* _Data listing_:
/---

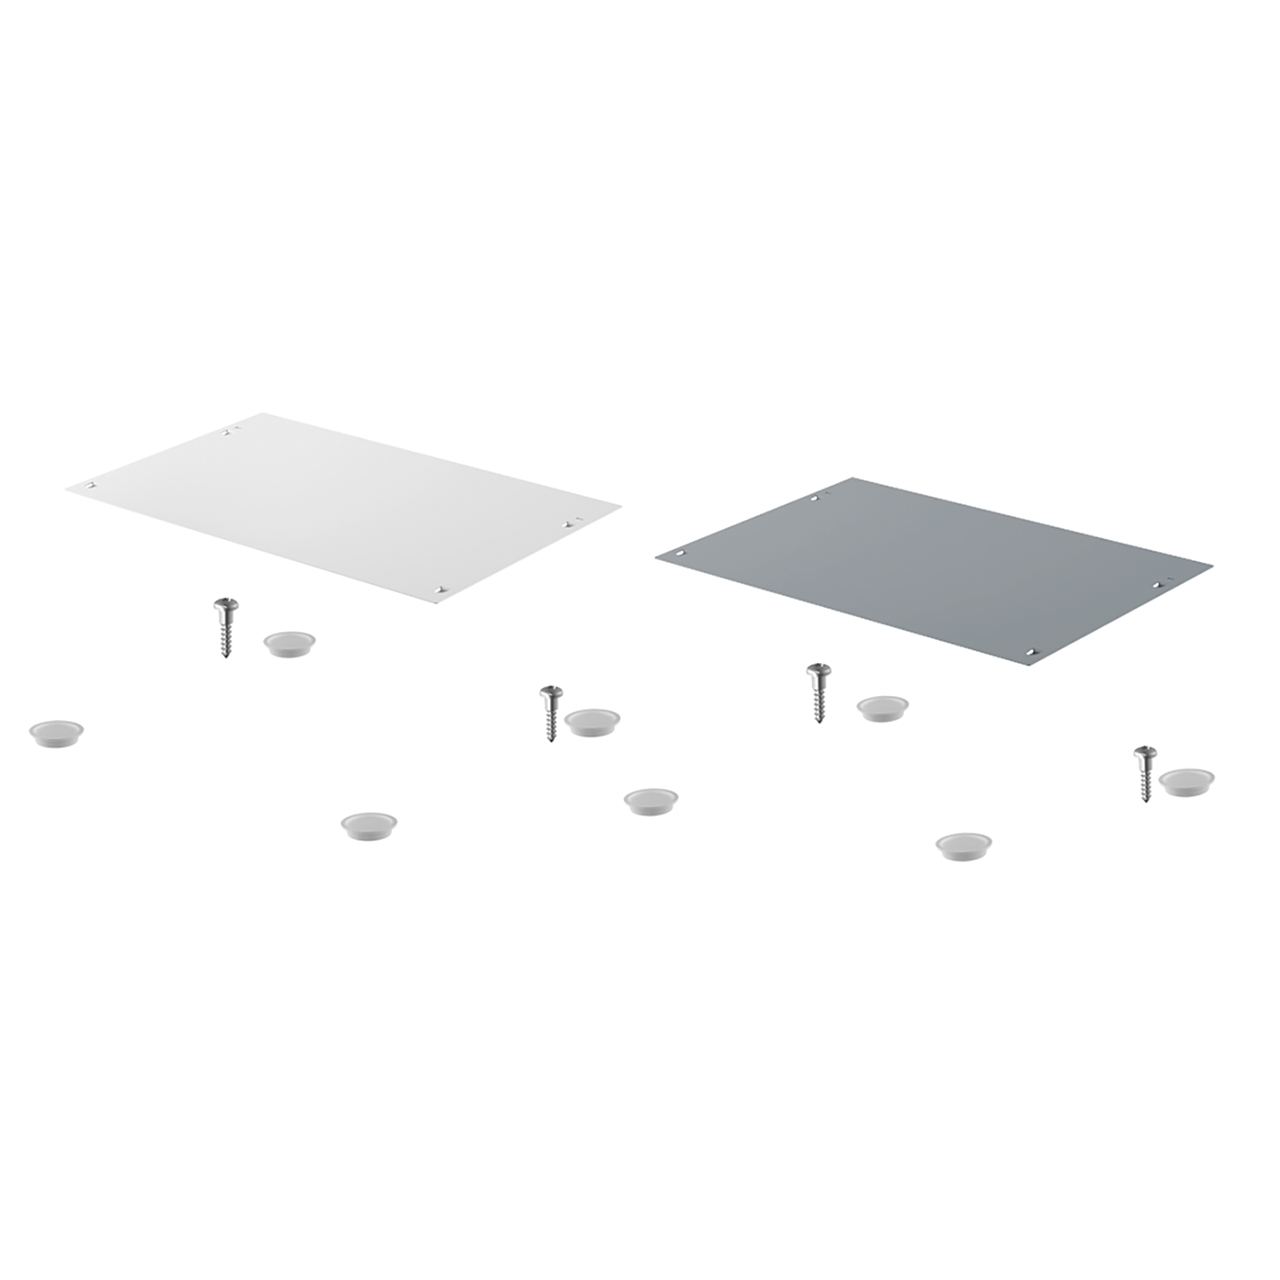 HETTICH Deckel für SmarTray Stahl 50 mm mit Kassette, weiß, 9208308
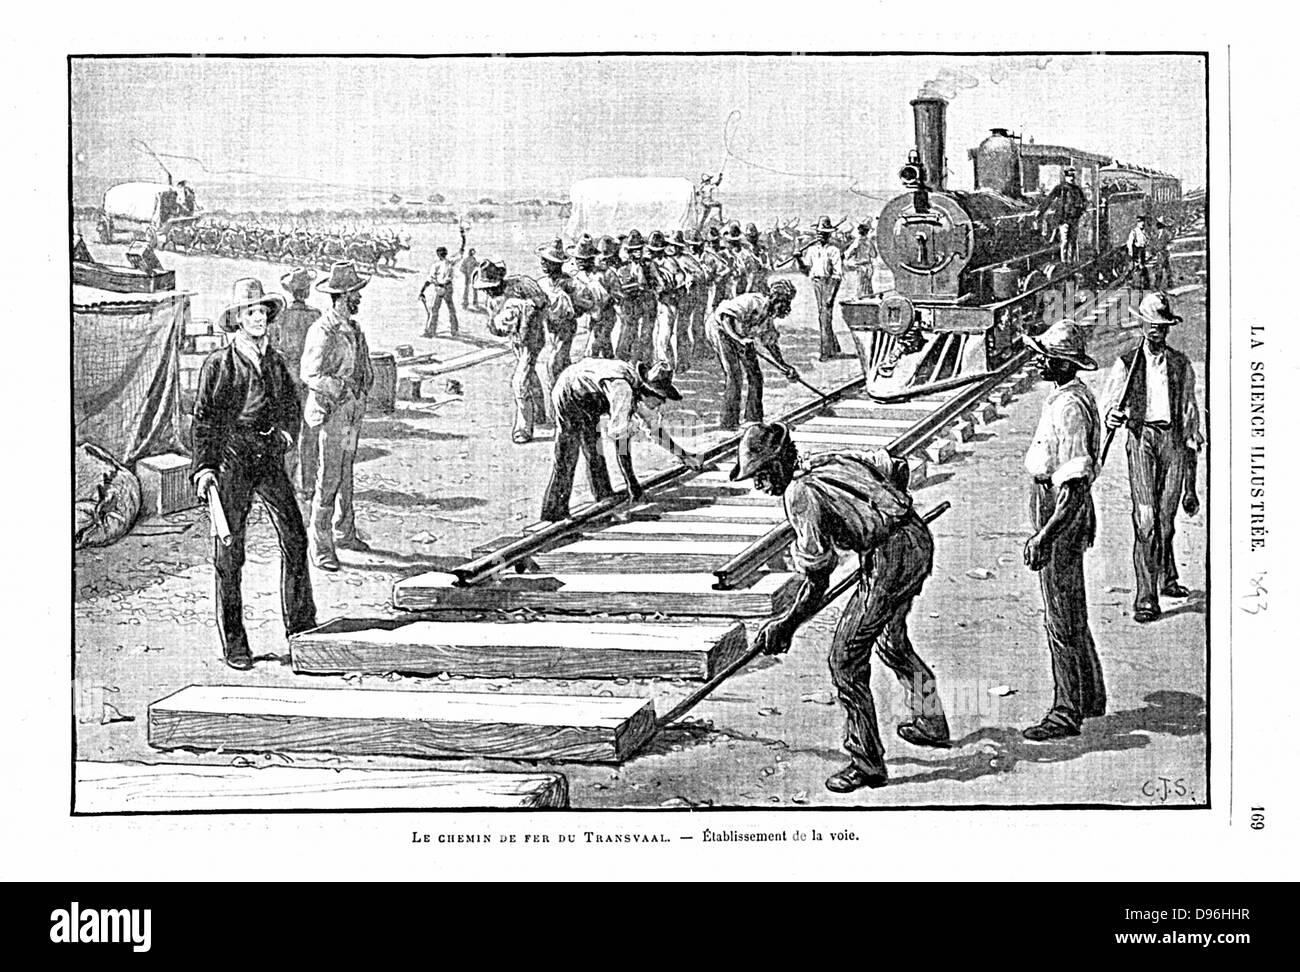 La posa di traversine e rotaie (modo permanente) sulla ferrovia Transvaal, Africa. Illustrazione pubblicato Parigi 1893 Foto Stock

\---
/---

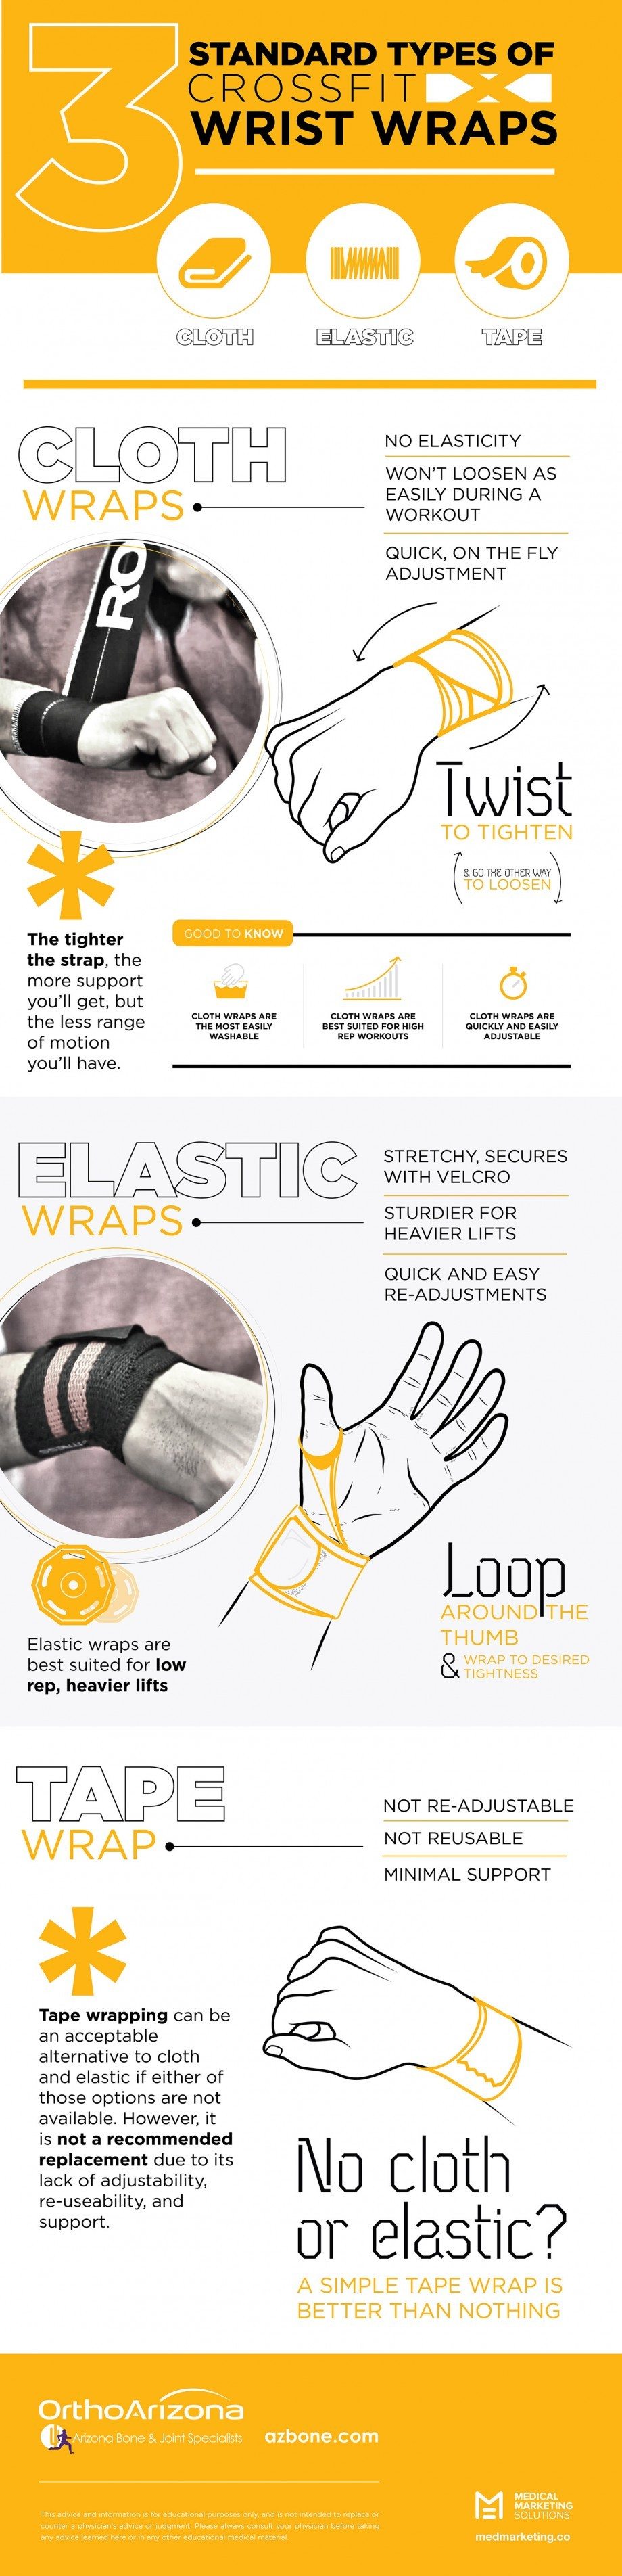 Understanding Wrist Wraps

\---

* _What the task asks_: Exact copy, no pictures. Write out the lines in the entries above, starting with the line with "HETTICH Deckel für" and going on through the line with "La posa di traversine", keeping both.

* _Output of the task_:
 HETTICH Deckel für SmarTray Stahl 50 mm mit Kassette, weiß, 9208308
 La posa di traversine e rotaie (modo permanente) sulla ferrovia Transvaal, Africa. Illustrazione pubblicato Parigi 1893 Foto Stock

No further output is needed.